CA Rohit Kapoor has considered the important question whether the issue of a notice under section 143(2) of the Income-tax Act, 1961 is a mandatory or a directory requirement and whether its non-issue is a curable defect or renders the entire assessment void. He has also examined whether the participation by the assessee in the assessment proceedings can save the assessment order under section 292BB of the Act. All the important judgements on the subject have been referred to
This article endeavours to the interpret compulsory issue of notice under section 143(2) in case of“Section 153A- Assessment in case of search and requisition”/“Section 153C Assessment of income of other person”or where assessment is framed “under section-147 Income escaping assessment”of the Income Tax Act, 1961. It has forever been a conflict as to how the sectionmust be interpreted, in order to decide whether the procedure of regular assessment i.e issuing notice under section 143(2)has to be followed in the proceeding under section 153A or under section 147. This article tries to decode the mixed opinions of the court with regard to whether it is the compulsory to issue notice U/s 143(2) before completing an assessment under section 153A or under section 147. The author, based on thorough analysis of Section 153A and Section 147 and keeping in view the language of the both the section and the interpretations attached to it by theJudiciary, have tried to resolve the conflict.

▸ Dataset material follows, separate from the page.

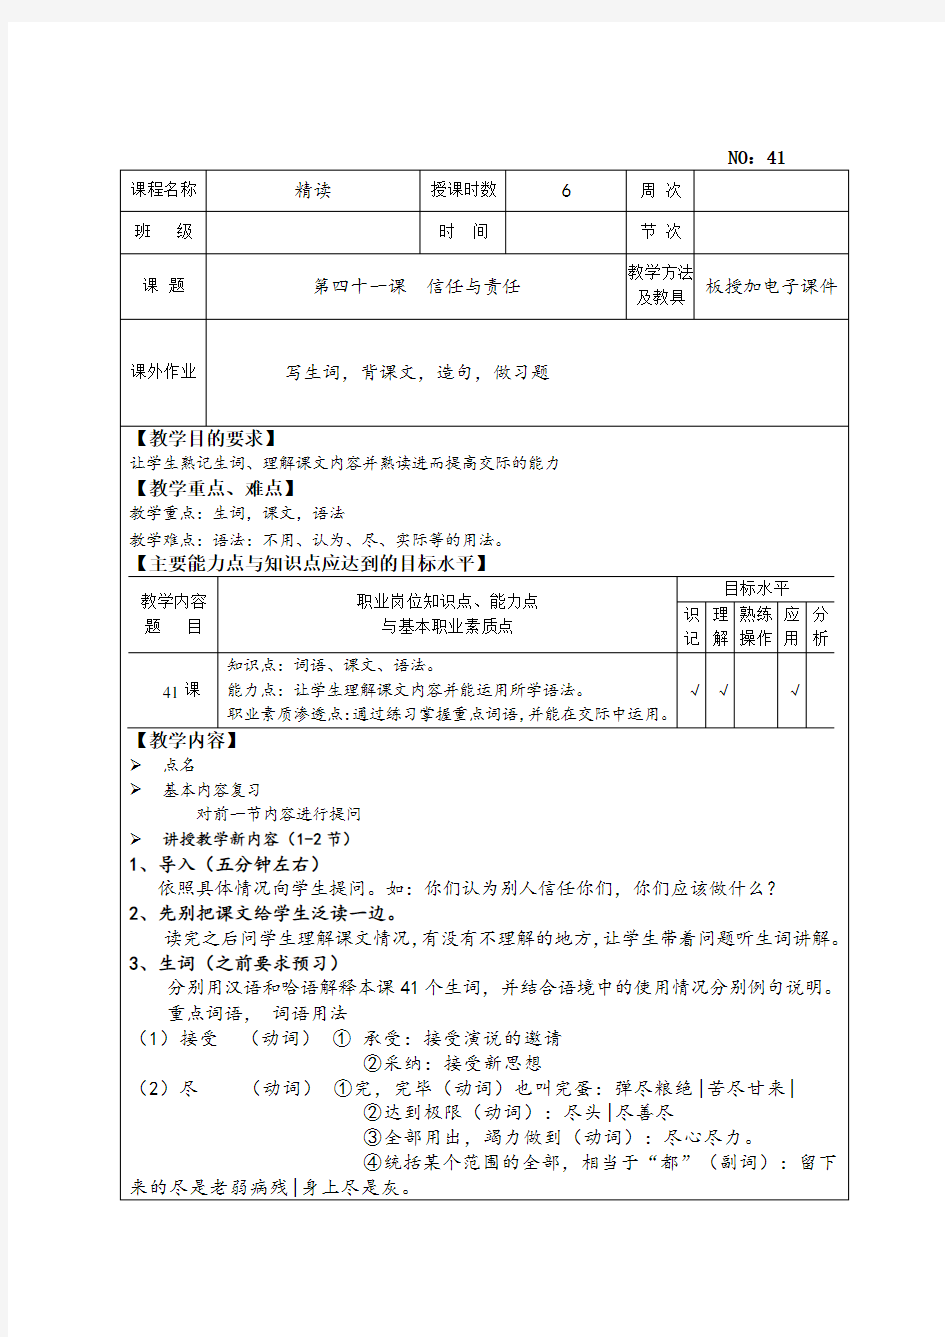 初级汉语教程第三册教案41-60课2017版

This research paper mainly discusses the various interpretations given by the Courts with respect to issue of notice under section 143(2) in case where assessment is completed undersection 153A or under section 147 of the Income Tax Act,1961 (hereinafter referred to as Act). Further, it talks about the importance of a notice being issued to the assessee when any assessments are to be made, with the purpose of finalizing the assessment or otherwise. Thus, the provisions should be read as a “whole” and as such they exist, and there is no necessity of reading them down or providing casus omissus. Where the search is conducted, there is a mandate on the Assessing Officer (A.O) to issue notice calling for return of all six/extended period commencing from assessment years preceding the current assessment year in which search was executed. Thereafter, the first proviso casts a duty on him to assess or reassess the total income in respect of each assessment year. Whereas, Reassessment under section 147 is another distinguished weapon which empowers the Assessing Officer to assess, reassess or recompute income which has escaped assessment.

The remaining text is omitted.